Cloud Tasks is push-based: when a task is due, Google sends an HTTP request to our handler. When there are no tasks, nothing touches our database. That alone resolved the pg-boss/Neon conflict — Neon suspends, costs drop, no more wake-up connection errors.

But the real reason it fit was per-queue dispatch control:

# queue.yaml
- name: email-parse
  rateLimits:
    maxDispatchesPerSecond: 10
    maxConcurrentDispatches: 20
  retryConfig:
    maxAttempts: 5
    minBackoff: 10s
    maxBackoff: 600s
    maxDoublings: 4

Enqueue 300 tasks in a second and Cloud Tasks won't deliver them all at once — it paces dispatch to the limits we set. Our parsers, Neon, and the LLM provider stay protected from bursts.

It also gives us operational levers Pub/Sub doesn't: list tasks, inspect depth, pause a queue, purge a bad batch. When a fan-out goes wrong, we can stop it.

What Cloud Tasks doesn't solve

Two things, both important.

It's still at-least-once. A handler can finish the work and Cloud Tasks can still redeliver if the HTTP response is lost. Handlers must be idempotent.

Fan-out duplication is still possible. If the parent creates 100 child tasks and then fails before returning 200, the retried parent creates them again. The fix here is deterministic task names:

parse-{emailId}-{attachmentId}

Cloud Tasks rejects duplicate names within its retention window, so the second attempt is a no-op. But you have to design for it — it's not automatic.

And it doesn't recover transactional enqueue. Cloud Tasks lives outside the database, so creating a task after a DB write is a dual-write.
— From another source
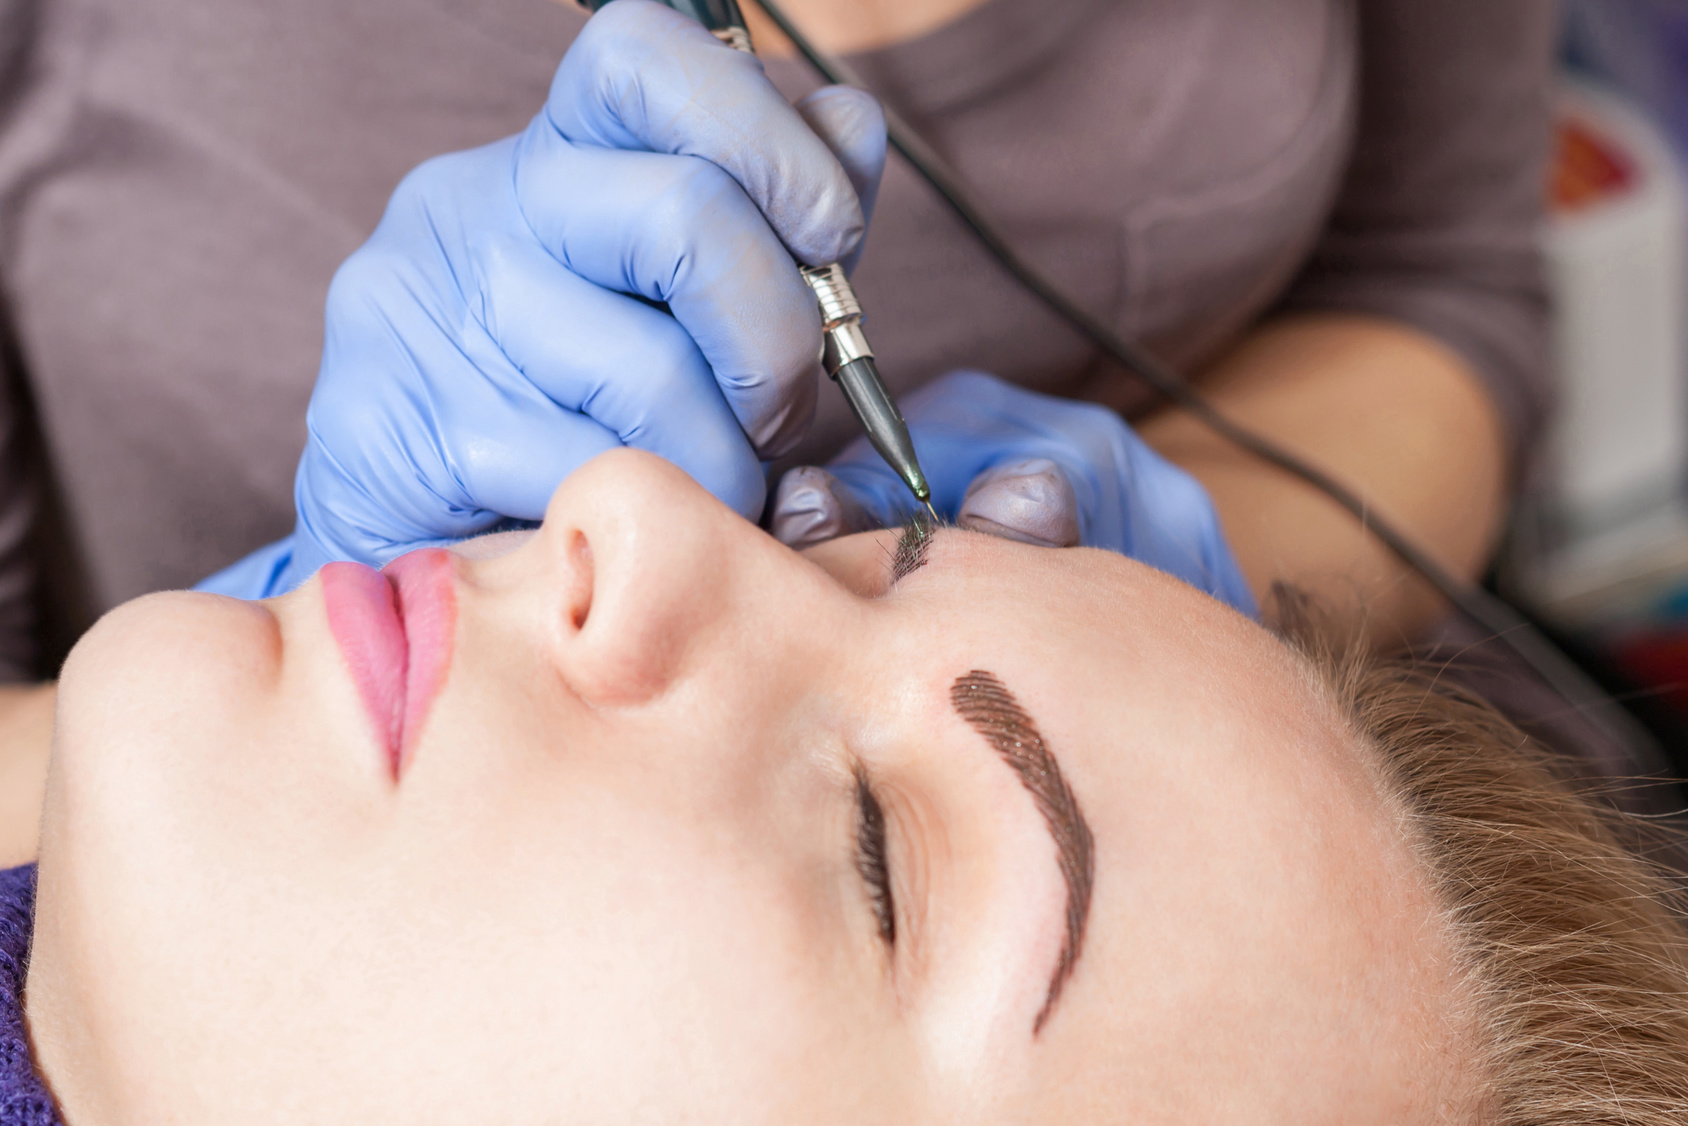 Women: Why Microblading Is Gaining Popularity

If you need strict atomicity, the answer is still an outbox: write the business row and an outbox row in one transaction, have a relay publish to Cloud Tasks and mark the row published. No external queue makes this go away.

The rule we landed on

Queue selection isn't about finding the best queue. It's about matching the queue to the runtime model.

pg-boss for small internal jobs in always-on services where Postgres transactionality matters.
Cloud Tasks for cross-system, serverless workflows where we need to protect Neon, LLM providers, and third-party APIs from bursts.

And three rules that apply regardless:

Every handler is idempotent.
Fan-out children have deterministic keys.
If enqueue must be atomic with a business write, use an outbox.

Cloud Tasks fixed our infrastructure mismatch, but the real win was clarifying what the queue is responsible for. Infrastructure handles scheduling, retries, and rate limits. Correctness belongs to the application.